Exhausted from being stuck in Serbia for months, dozens of young migrants survive in appalling conditions in Sid, a small town bordering European Union member Croatia, which they try to enter every day.
Every morning in the freezing winter cold they head for a closed printing factory, the last stop before the border with the EU.
Under police watch and sometimes harangued by locals, volunteers from western countries give the travellers coffee, apples, eggs and water for a wash.
A generator is installed to charge mobile phones. They also provide tents, shoes, clothes.
Some migrants who camp in the nearby forest, away from the police gaze, have a long walk. Their clothes are muddy, their faces worn.

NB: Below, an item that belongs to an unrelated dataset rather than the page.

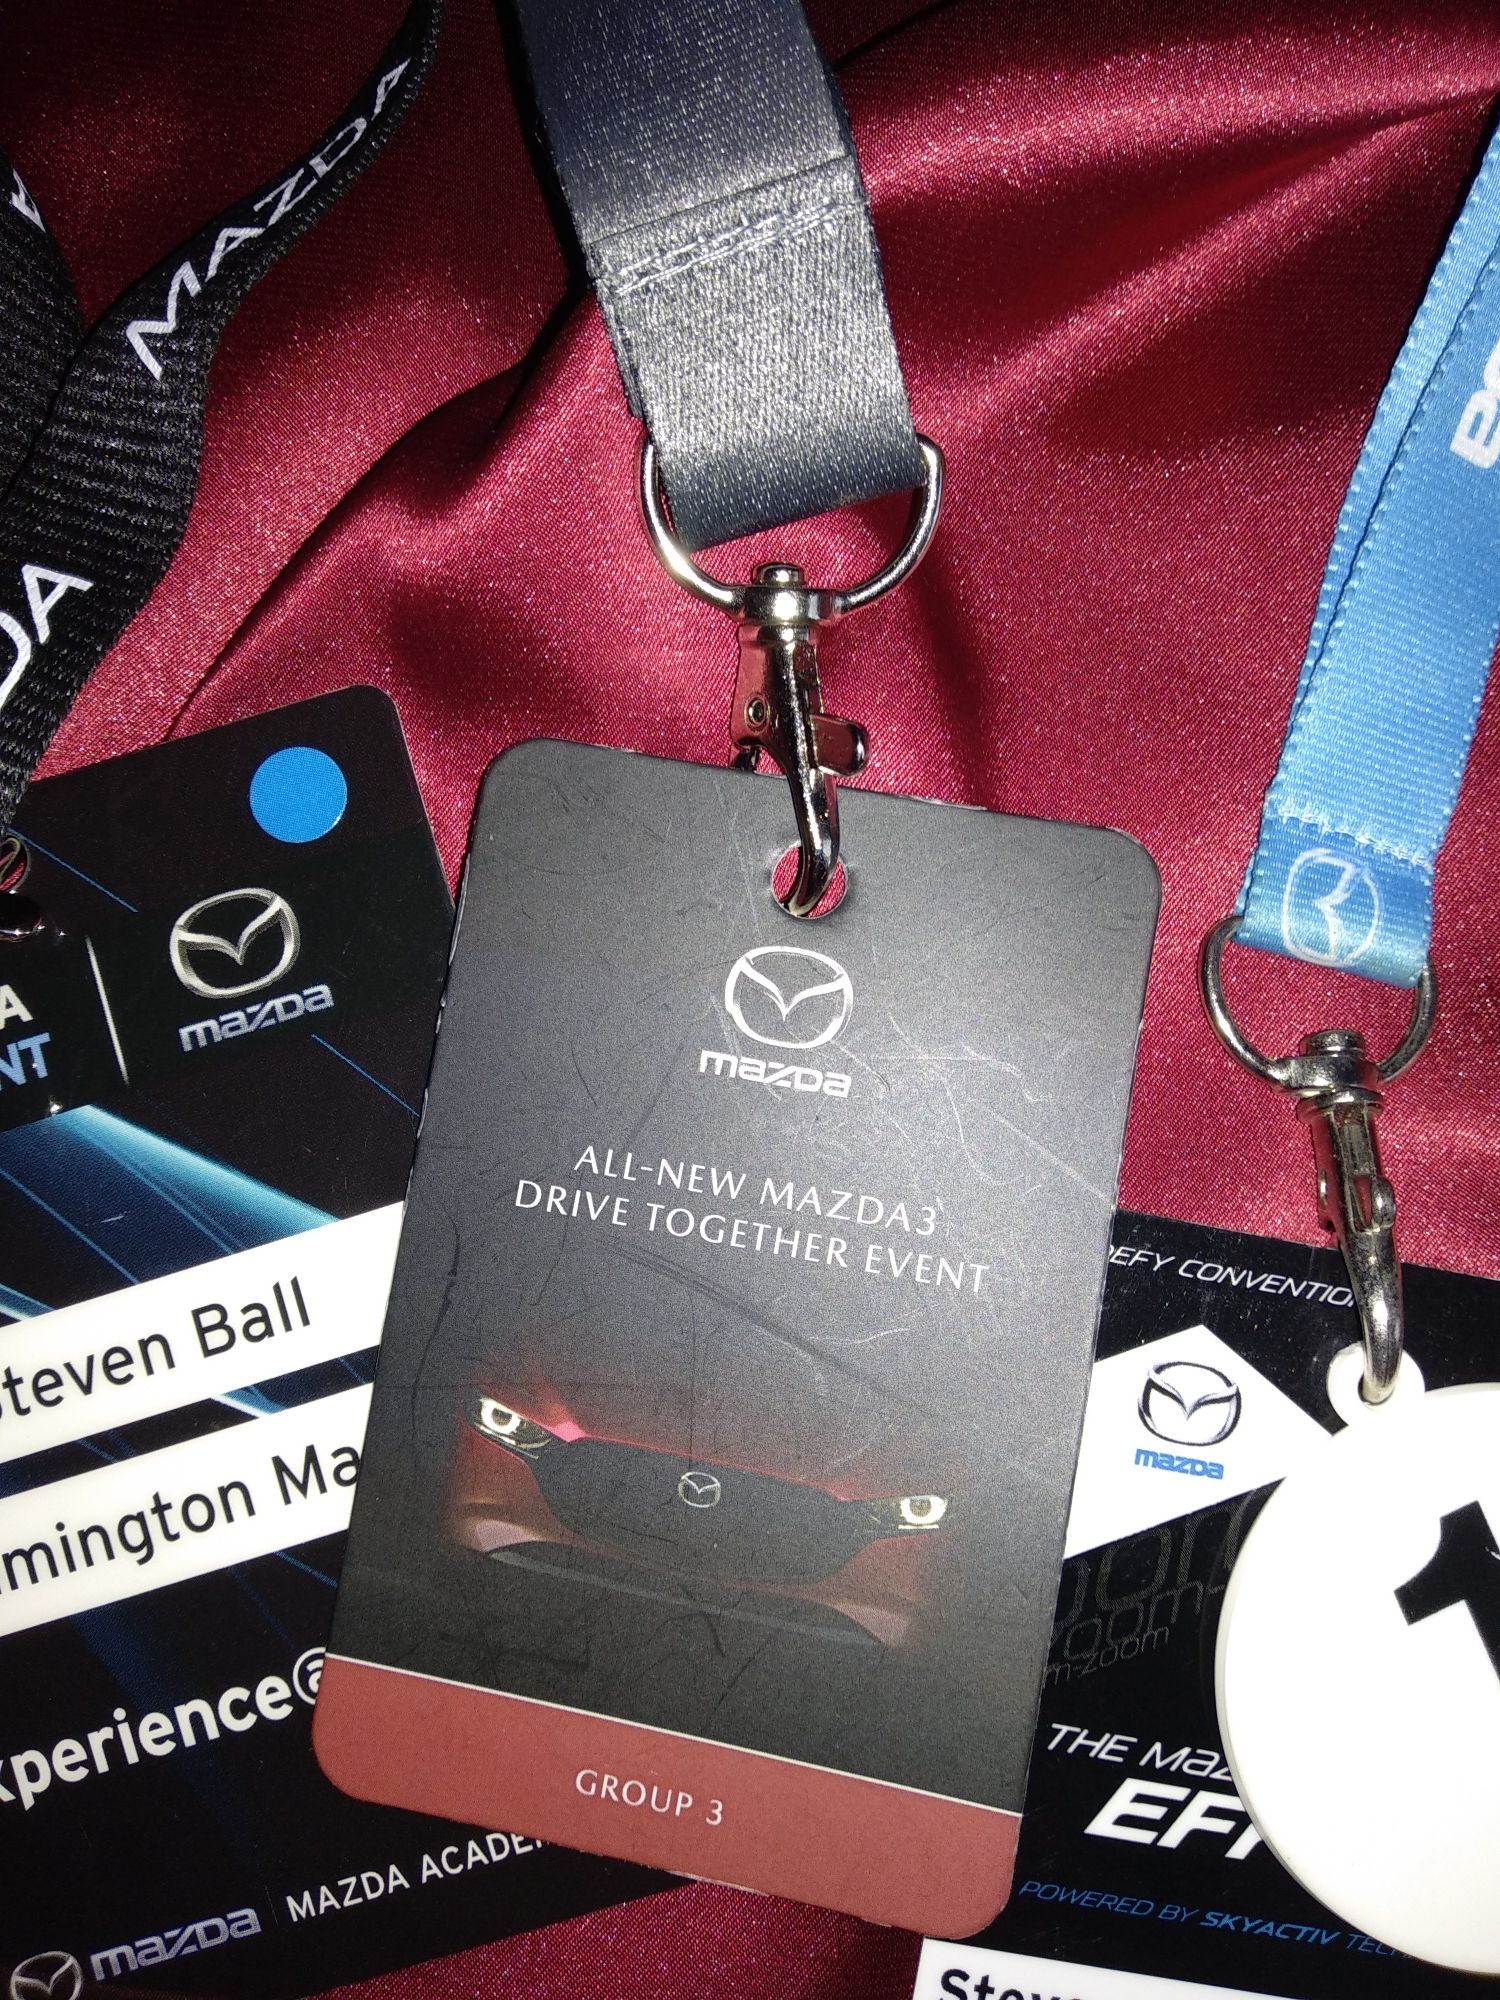 Ремешок для ключей Mazda, флешки,  удостоверения личности и билетов

"I am broken," said a 28-year old Afghan who introduced himself as "Sirg" and spoke of cold Serbian nights in the woods.
"We think tomorrow we will be dead," he said.
He said he had tried more than 60 times to reach Croatia, even making it to Slovenia once. But every time he was intercepted and sent back to Serbia.
According to Andrea Contenta of Doctors Without Borders (MSF), some 5,000 migrants are currently stuck in Serbia, mostly in official reception centres.
Some 500 sleep rough in Sid, others are in Belgrade or the northern town of Sombor.
Their chances of getting out of Serbia are steadily diminishing with borders increasingly better protected.
Time saps their strength, they sometimes get sick -- and money is scarce.
"We try every day. We are tired," says Hamza, 27, from the Algerian town of Biskra, who hopes to go to Belgium.
Croatian police intercepted him and sent him back overnight but he will try again the same day once he has warmed up.
Any means of transport will do. Some migrants hide in trucks, in the chassis of freight trains or on their roof.
Others simply try their luck on foot.
"Hopeless and left without alternative, some of them decide to take enormous risks to continue their journeys regardless of the dangers and hardship of cold winter," Contenta said.
"European measures of deterrence won't stop people," he added.
"I try and try again," said Ali Amjad, a 24-year-old from Kabul.
He has been in Serbia for almost two years, as has hs friend "Kako," who laughs maniacally and shows signs of psychiatric problems.
Sometimes fights break out between men of different nationalities.
Last week a north-African was stabbed in the heart and evacuated to a hospital in Novi Sad, the capital of Serbia's northern Vojvodina region that borders Croatia and Hungary.
A 21-year old Algerian, who introduced himself as Miki Salem, had his arm in a sling and bandages on his buttocks where he said he was stabbed.
"These were Afghans, it was not a fight, it was an attack for money," he recalled.
"We cannot stay here, this is a shitty life!" the pastry chef, who rules out going home, added.
"We are taking the risk, we are seeking the life," he said.
Once the winter becomes too harsh he will find a shelter in Belgrade then come back in March.
After the fight police apprehended several dozen migrants and sent them to a camp in the southern town of Presevo.
But they will almost certainly return -- shelling out another 150 euros ($175) to Serb smugglers for the trip by car.
For the local population, outbreaks of petty crime have strained relations.
Zoran Petrovic, a breeder from a nearby village, claims that since February numerous animals have gone missing.
"In last three months it has become massive. They come in a group of 10 to 15 and take five animals at once," he said.
Natasa Cvjetkovic, a councillor from the small opposition centrist SDS party, said she believed her community was "sacrificed" because it was small and remote.
"The main goal is to spare the big cities," she complained.